Check the battery with the function switch in the Batt position. The meter should read within the Batt range
Tune the signal with the function switch in the FI-Cal-Tune position. This should be done at some distance away from the antenna system. Tune for maximum meter reading.
Rotate the FIM until the signal is below 10 mV/M, switch the full scale switch to CAL and adjust the CAL OSC for maximum meter reading.
Switch the Function switch to CAL NULL and adjust the GAIN control to minimum meter reading.
To take readings put the function switch in CAL TUNE and the Full Scale switch at whichever position results in an on scale reading.
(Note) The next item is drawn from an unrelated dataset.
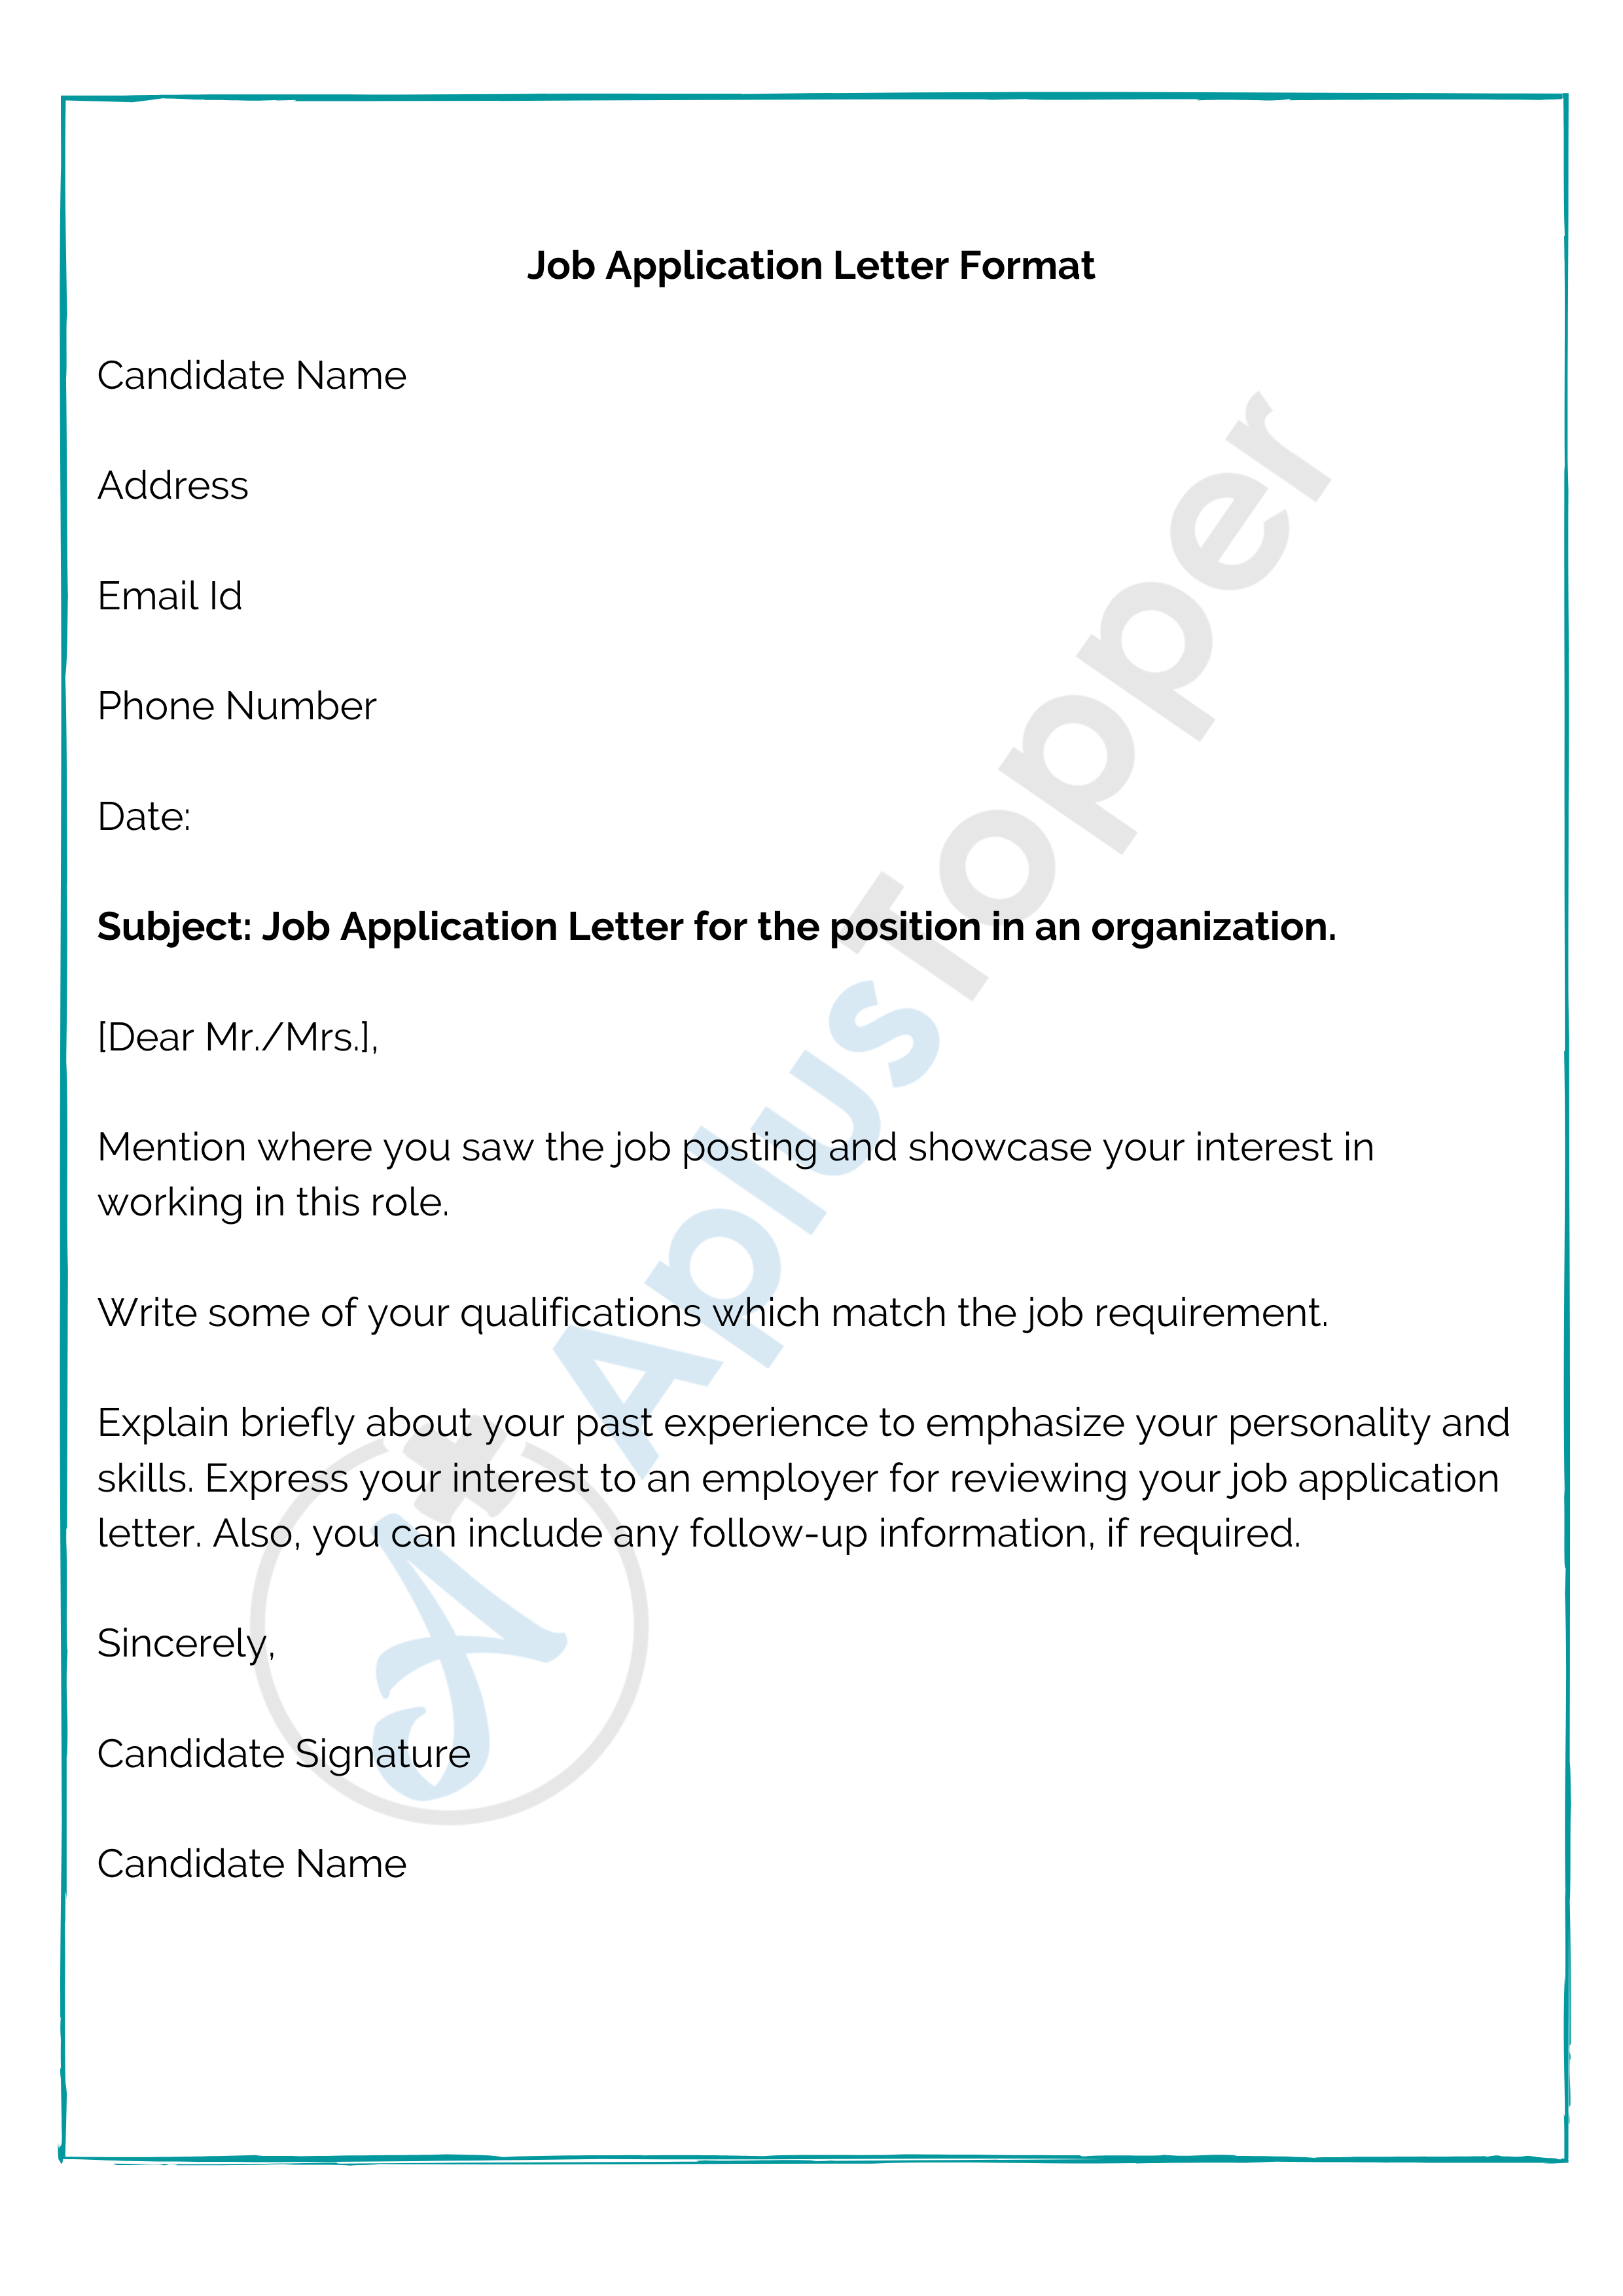 how to write an application letter for job seeking

On less one of the knobs gets bumped, the meter only needs to be calibrated once.
Measurements should be made three or more hours after local sunrise and three or more hours before local sunset. This is to prevent other sky wave signals from interfering with the measurements. The first measurement should be greater than five times the tower height, in this case more than 240 meters.
I used Google Maps to generate a set of points along each radial then noted the coordinates and a brief description on a spread sheet. Since everything was on Google Maps, it was easy to navigate from one point to the next:
Field strength readings follow the inverse square law. Whatever the increase in the distance factor from the radiator, the electrical field will decrease inversely by the square of that factor. Thus, if the distance increases by 3, the field will decrease by a factor of 9.
This can be seen in a field strength vs distance graph which I plotted on an Excel spreadsheet:
Field strength in mV/M, distance in Meters
You can see around 2 KM away, there is something re-radiating the signal. This was near a college campus with lots of vertical metal structures around. There are two readings which should probably be thrown out to smooth out the curve.
At one point, further out along this radial, my car was attacked by a Rottweiler. The dog owner just stood in his front yard and watched it happen. After he got the dog back under control, I rolled my window down and told him what I thought of his dog. It is for this reason, I have a dash camera in my work vehicles. Too many times things happen while driving.